Authors now include new data examining the cytotoxicity of MXYV in various canine cells. This data is presented as % viability, but given the methodology used and the non-lytic tendencies of MYXV it is fairly likely that reductions in the signal obtained are due to cytostasis of infected cultures and not cytolysis. The authors should either provide additional data supporting actual cell death (ie trypan blue staining or flow-based viability dyes) or adjust their labeling and conclusions to take this issue into account.

 

Fig 7 is mis-labeled as a second Fig 6.

 

I agree with Reviewer #1 that the paper would benefit from a direct demonstration that oclacitinib enhances viral replication in vitro. While I understand the authors comments that the formulation of oclacitinib prevents this directly, at least a demonstration that another JAK1 inhibitor enhances viral replication (possibly in the presence of exogenous IFN which would presumably be supplied by normal cells in vivo) would make the authors conclusions much stronger.

 

Display of Fig 7 (labeled as Fig 6) needs to be changed. Simply relying on the order of lines does not seem like a good idea. Maybe this figure can be made to visually be similar to Fig 8?

 

The authors have now included a comparison of viral titers and TdTR expression. While there is a minor correlation, this data is not really viewed as compelling that TdTR expression accurately measures viral replication. This becomes an issue mostly in Table 3 (which is central to the author’s conclusions). To supplement this data, the authors have now included what is viewed as much better experimental studies on actual viral titers (Fig 6/7). Based on my belief that TdTR is not a meaningful analytical marker, I would recommend conducting a growth curve in FB +/- cytokines and simply removing table 3 (or moving it to supplemental data). Note that if this is done Fig 1B and 1C can likely also be removed or moved to supplemental.

 

Previously concerns were raised about the basic premise of this work due to the lack of in vitro inhibition of virus in malignant cells. In response to this concern, the authors have altered their introduction which makes the work much clearer. However, they also supply the following statement:

“Our data support the idea that many canine cancer cells fail to express enough Type I IFNs when exposed to virus.”

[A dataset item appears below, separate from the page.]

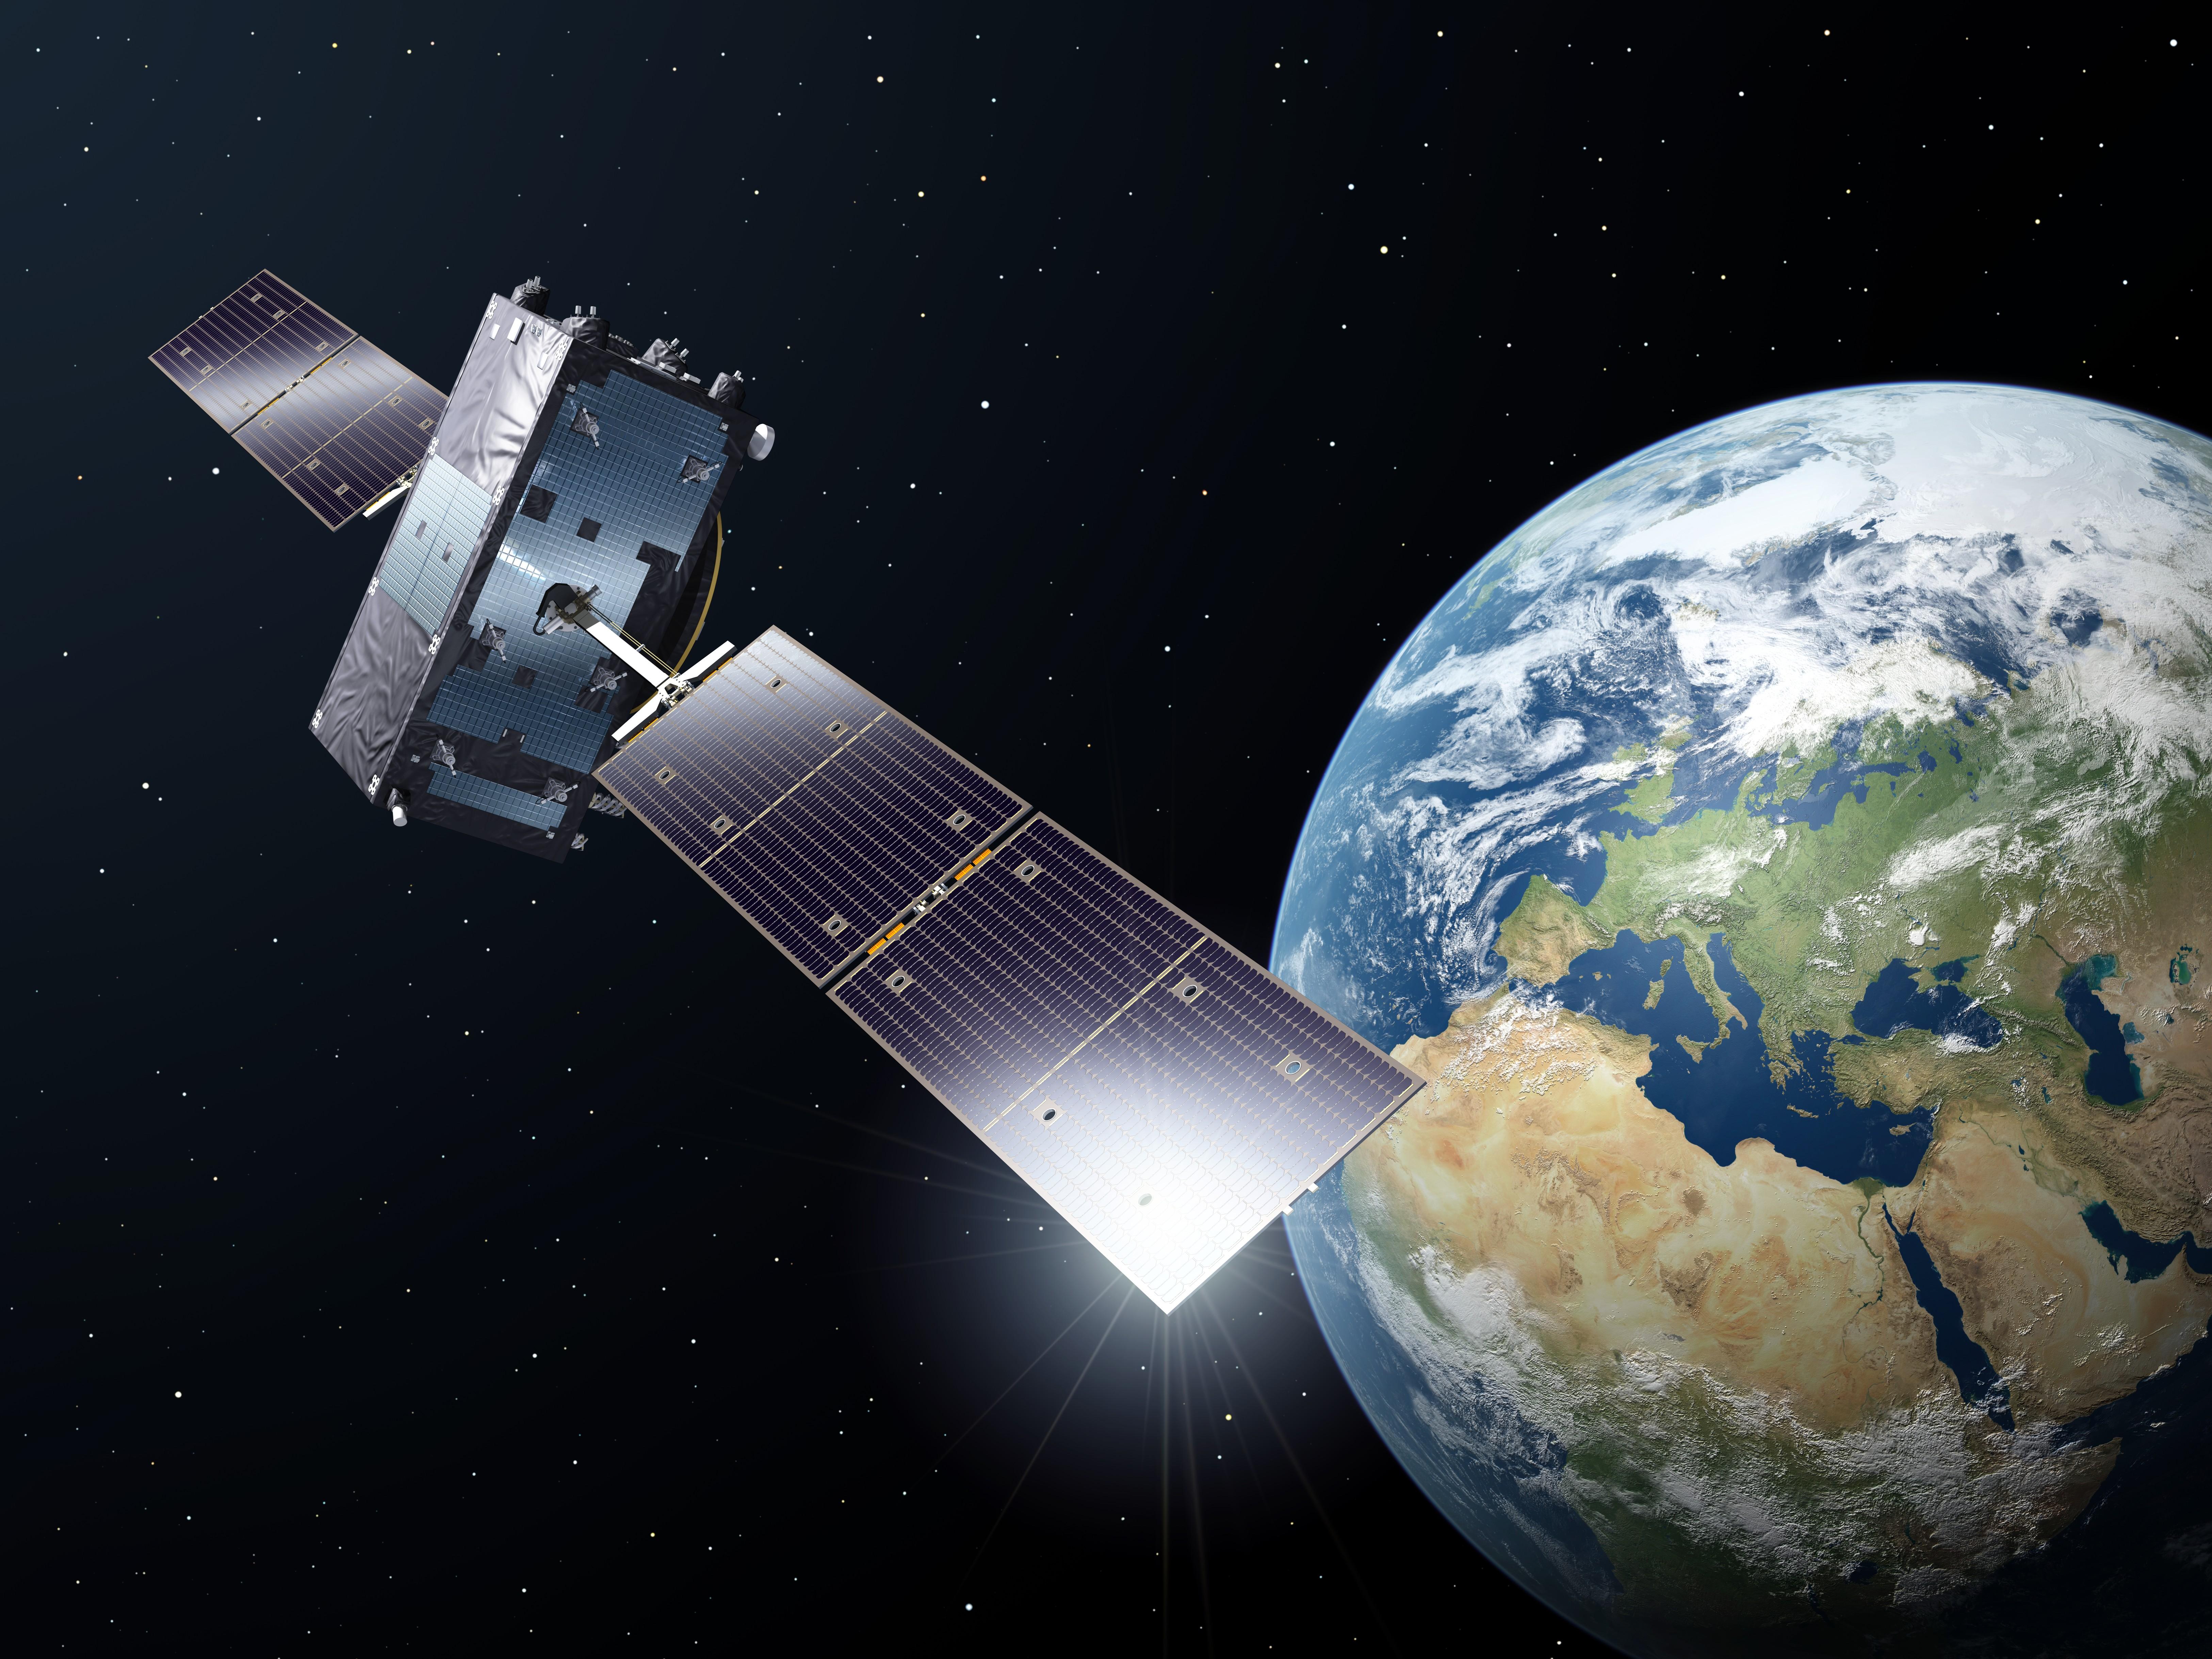 Satellite Set For New Orbit - Google satellite images

This conclusion appears to be directly contradicted by the data and conclusions shown in Fig 5 (in which the authors state that “no clear distinctions between the cytokine responses of canine cancer cells and FB inoculated with MYXV or MYXVdSERP2 were detected”). Combined with the data in Table 3 / Fig 7 the authors data appears to suggest that cancerous cells do not secrete different levels of cytokines, and do not respond differently to exogenous cytokines (at least I can’t find any obvious changes in viral inhibition in Table 3). Some discussion about the potential mechanisms involved therefore seems warranted.